Federal legislation that would expand background checks of gun purchasers is back on the table, as courts undercut an existing gun-control law and last year's bipartisan gun legislation gets its first report card. The Wall Street Journal reports that Sen. Chris Murphy (D-Ct.), a longtime Senate gun-control proponent, reintroduced a bill that would expand federal background checks to all gun sales and private transfers. Forty-seven members of the Senate's Democratic caucus signed on as co-sponsors, but bipartisan support will be needed to reach the 60 votes required to advance the bill. Many Republican senators who voted for last year's Bipartisan Safer Communities Act, which included expanded background checks for buyers under age 21, declined to say how they might vote on the latest bill. A companion bill introduced in the House faces even stiffer headwinds.
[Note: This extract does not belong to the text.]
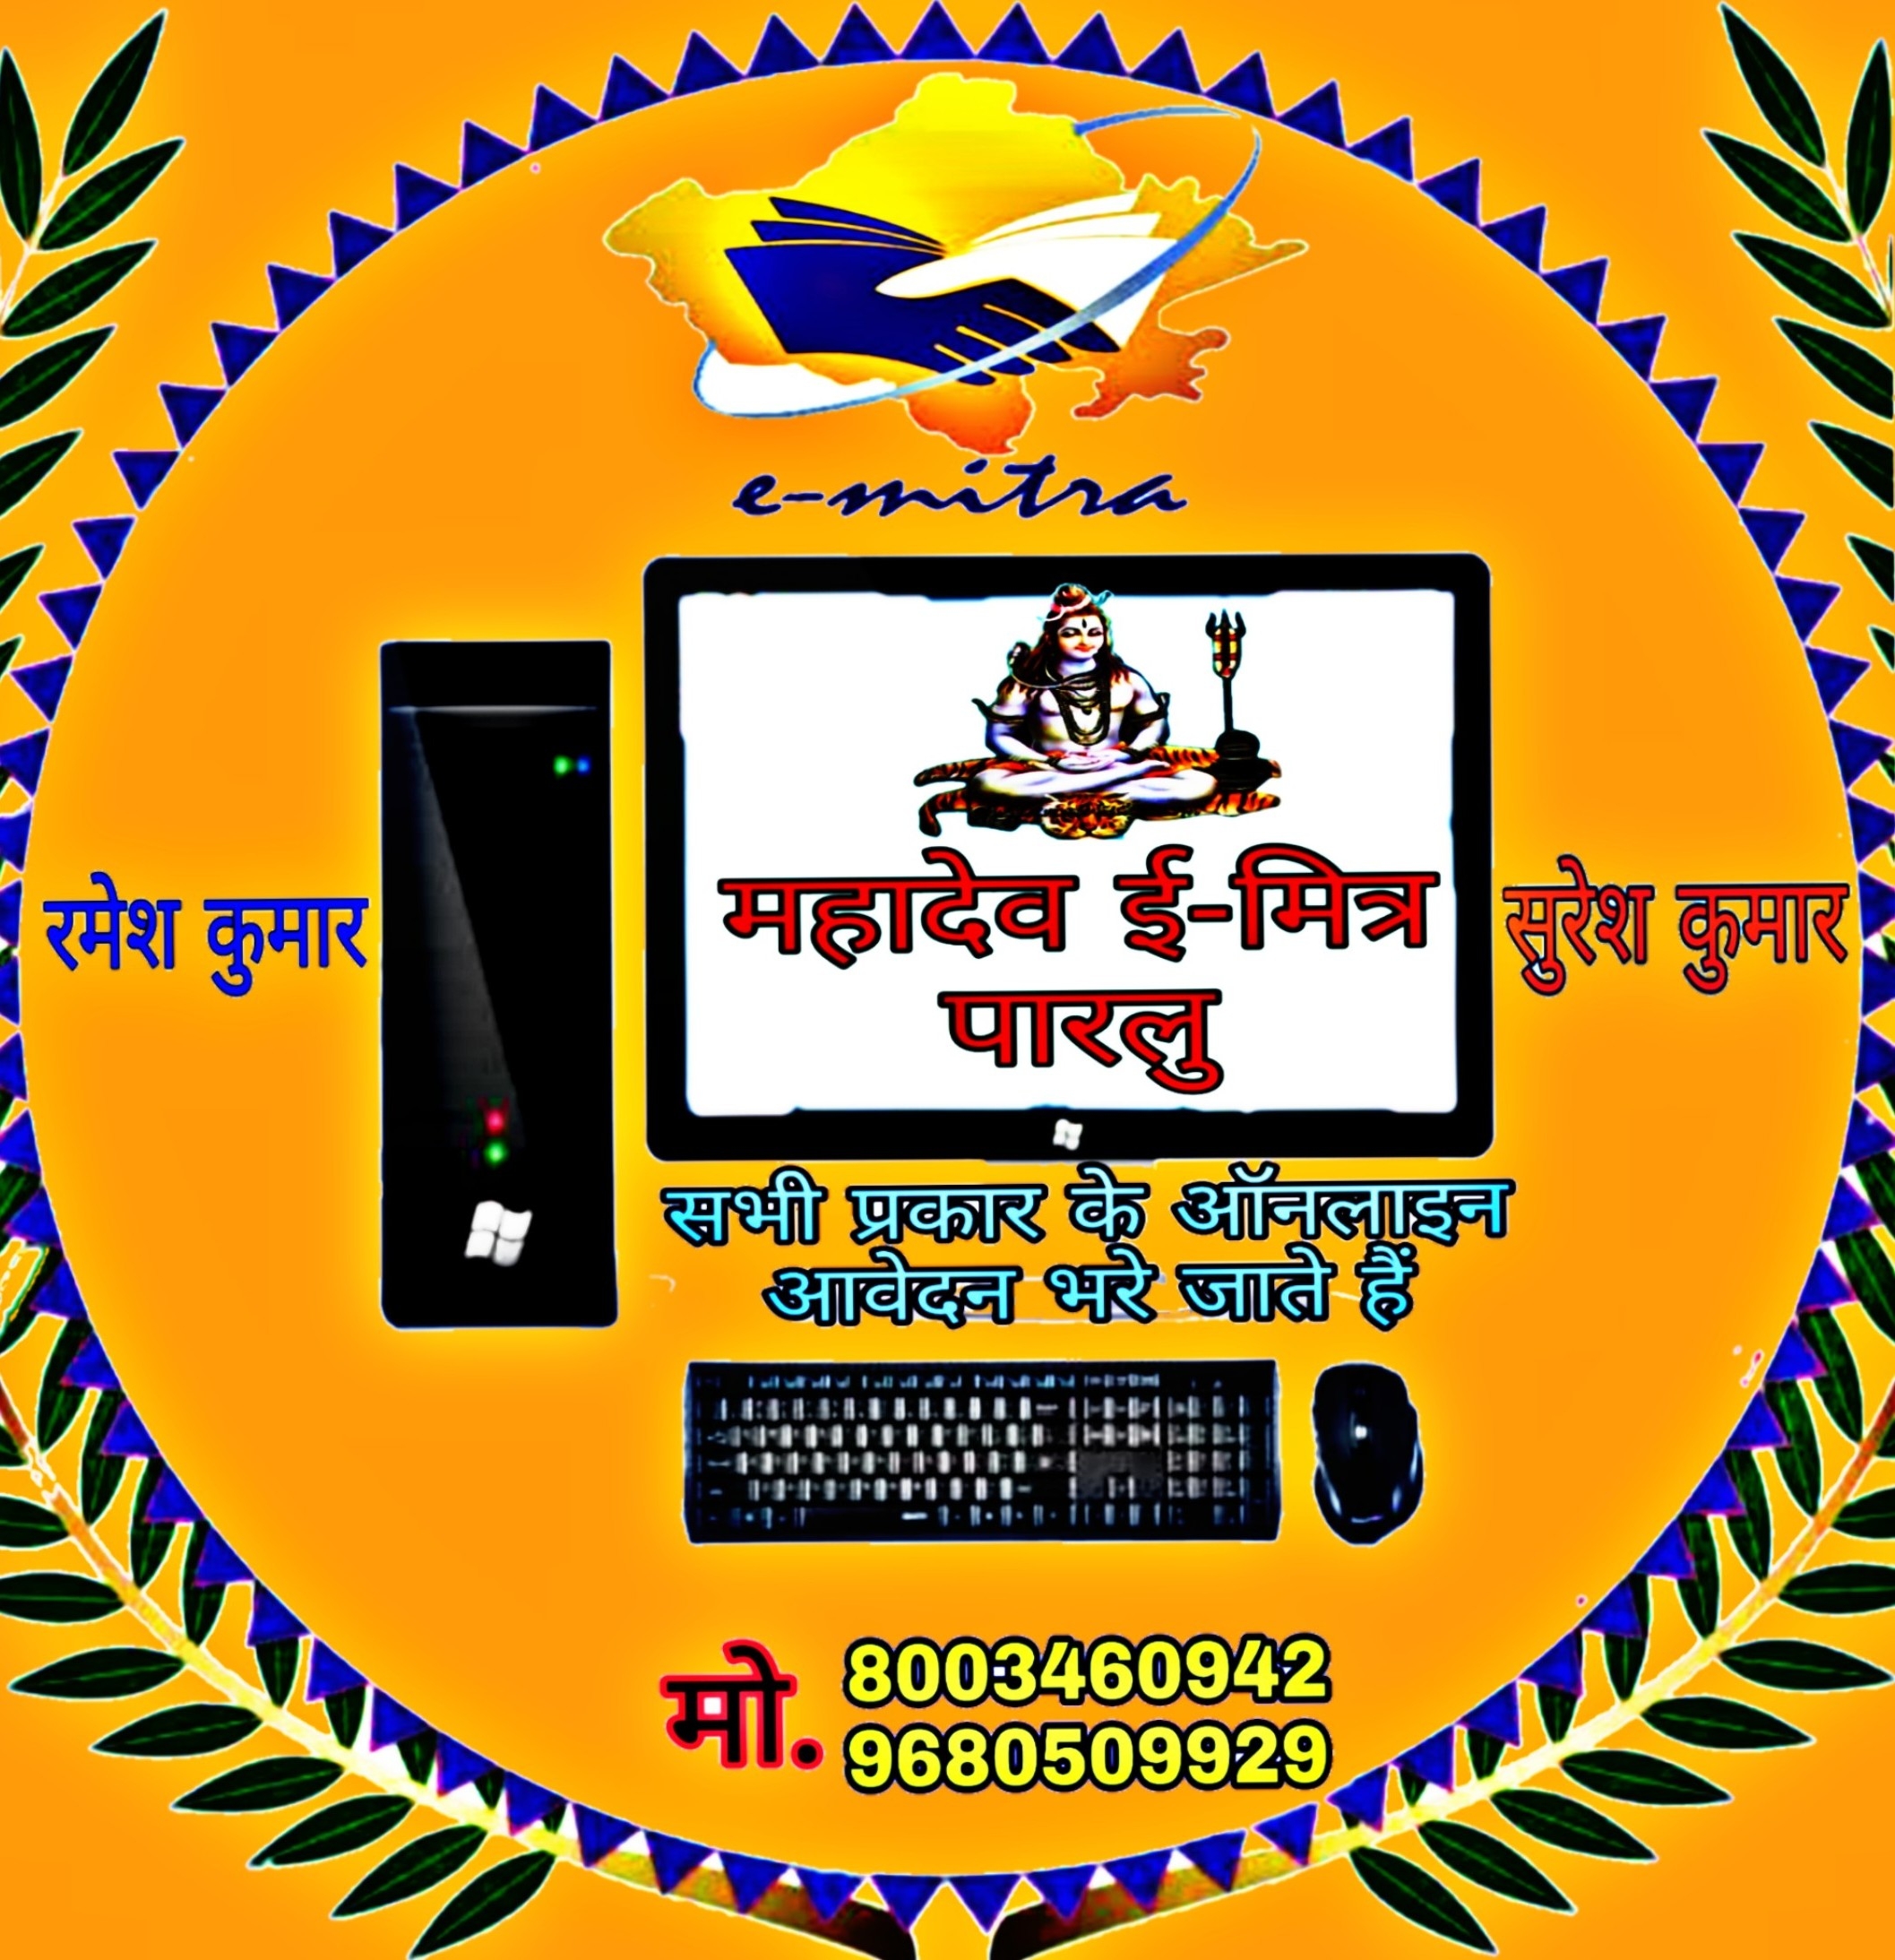 Achariya Technologies Emitra LSP Alwar

The 2022 law, the first major federal gun legislation passed in decades, has begun to show results, HuffPost reports. So far, more stringent background checks for younger gun buyers have resulted in 64 denied transactions, according to the FBI. The new law requires the FBI’s National Instant Criminal Background Check System to look for potentially disqualifying information at local law enforcement agencies, state criminal juvenile justice repositories, and state custodians of mental health records. Previously, the system generally looked only at adult court records. The expanded checks were phased in with just one state participating in October and a national rollout on Jan. 3. Since the law’s enactment, the system has denied 425 transactions involving buyers ages 18 to 20, the FBI said, with 64 of those a direct result of the new law’s juvenile background checks. It’s possible that firearm dealers refused additional transactions and that some sales went through without a timely response from the system. Meanwhile, a much older federal law barring gun possession for domestic abusers is coming under increasing pressure in courts nationwide following the Supreme Court's decision last year requiring gun laws meet a historical-standard test, the Journal reports. In addition to a well-publicized decision by the 5th U.S. Circuit Court of Appeals decision that a man with illegal-gun convictions and under a restraining order was entitled to Second Amendment protection, lower courts have ruled against a range of other gun laws, including other rulings on domestic-violence bans and on a gun ban for a marijuana conviction. “Before Bruen, pretty much all gun regulations were being upheld,” said George Mason University criminal-law professor Robert Leider, who favors a robust view of Second Amendment rights. “There’s been a reckoning because the historical test that Bruen announces collides with the fact that many of these laws have no historical pedigree.”